Добавить в цитаты Настройки чтения

Страница 49 из 78

Все меры для защиты судна и охраны его груза и ценностей были приняты.

С попутным ветром «Утрехт» вышел в море и скоро оставил за собой Англию и ее воды. Плавание обещало быть счастливым, так как благоприятный ветер сопутствовал им почти до самого мыса Доброй Надежды, и только здесь впервые они были застигнуты штилем.

Амина была в восторге. Уже стемнело; она ходила взад и вперед по палубе с Филиппом любуясь яркими южными созвездиями.

— Чьи-то судьбы написаны в этих южных звездах, которых жители севера не видят никогда! — промолвила она. — Хотела бы я знать, что говорят тебе и мне эти звезды!
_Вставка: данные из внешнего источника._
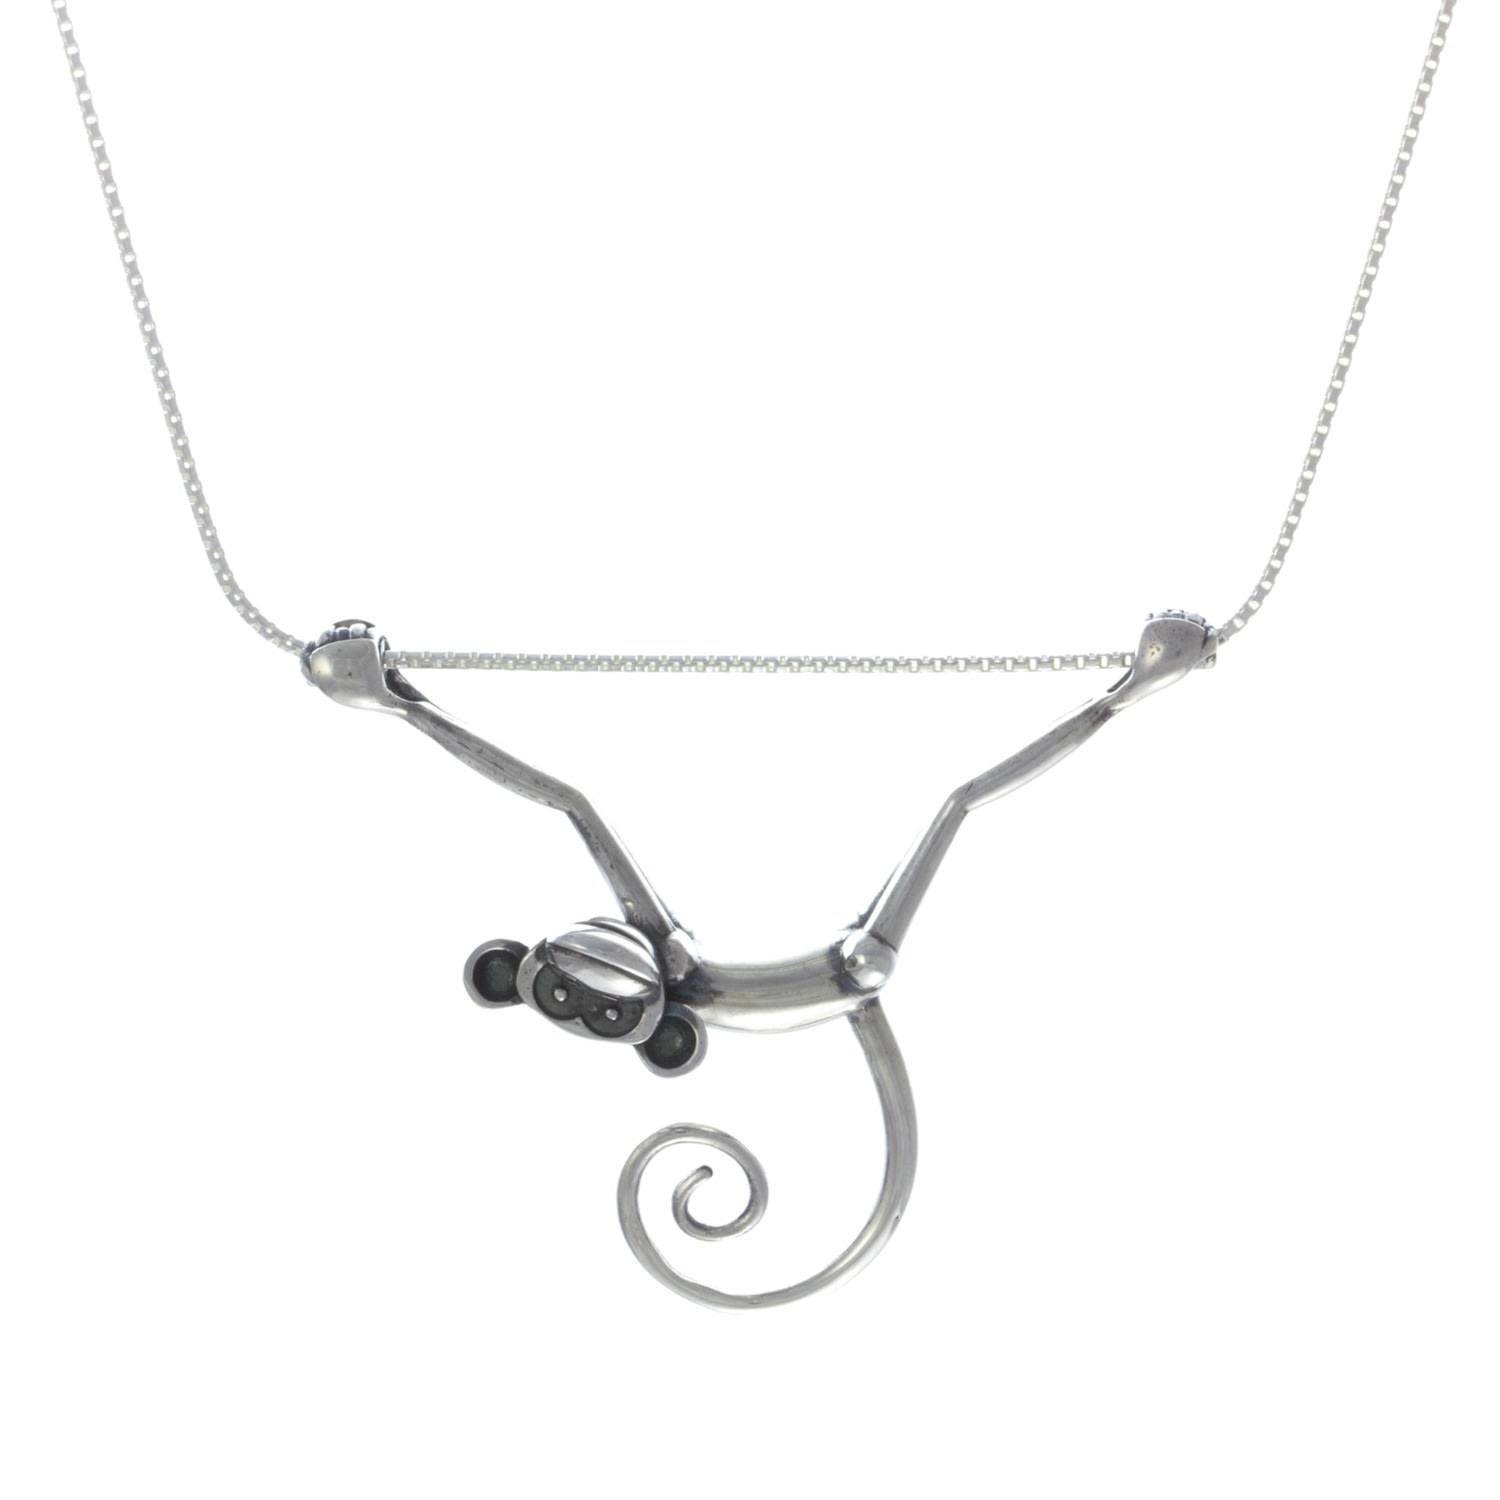 Lee Renee Women's Black / Grey / Silver Toy Monkey Necklace - Silver In Gray

— Неужели ты веришь в звезды, Амина?

— В Аравии им верят все, но не все умеют в них читать. Моя мать принадлежала к числу тех счастливцев, которые читают судьбу человека по звездам без ошибки, но для меня, увы! Это закрытая книга!

— А разве это не лучше, Амина?

— Лучше?! Как может быть лучше пресмыкаться по земле в сомнении и неведении, мучиться страхом неизвестности и трепетать перед всем, чем обладать высшими познаниями и высшей премудростью и знать, что тебя ожидает, сознавать в себе связь с высшими силами?! Разве не гордится разум человеческий при мысли, что ему доступно то, что не доступно другим смертным? Разве это не благородная гордость?

— Это опасная гордость, Амина! — возразил Филипп. Она смолкла и долго пристально глядела в тихо плещущие о борт волны, облокотившись на перила.

— Ты себе представляешь в своем воображении существа населяющие эти морские глубины, резвящимися среди кораллов и украшающими жемчугом свои длинные косы? — смеясь, осведомился Филипп.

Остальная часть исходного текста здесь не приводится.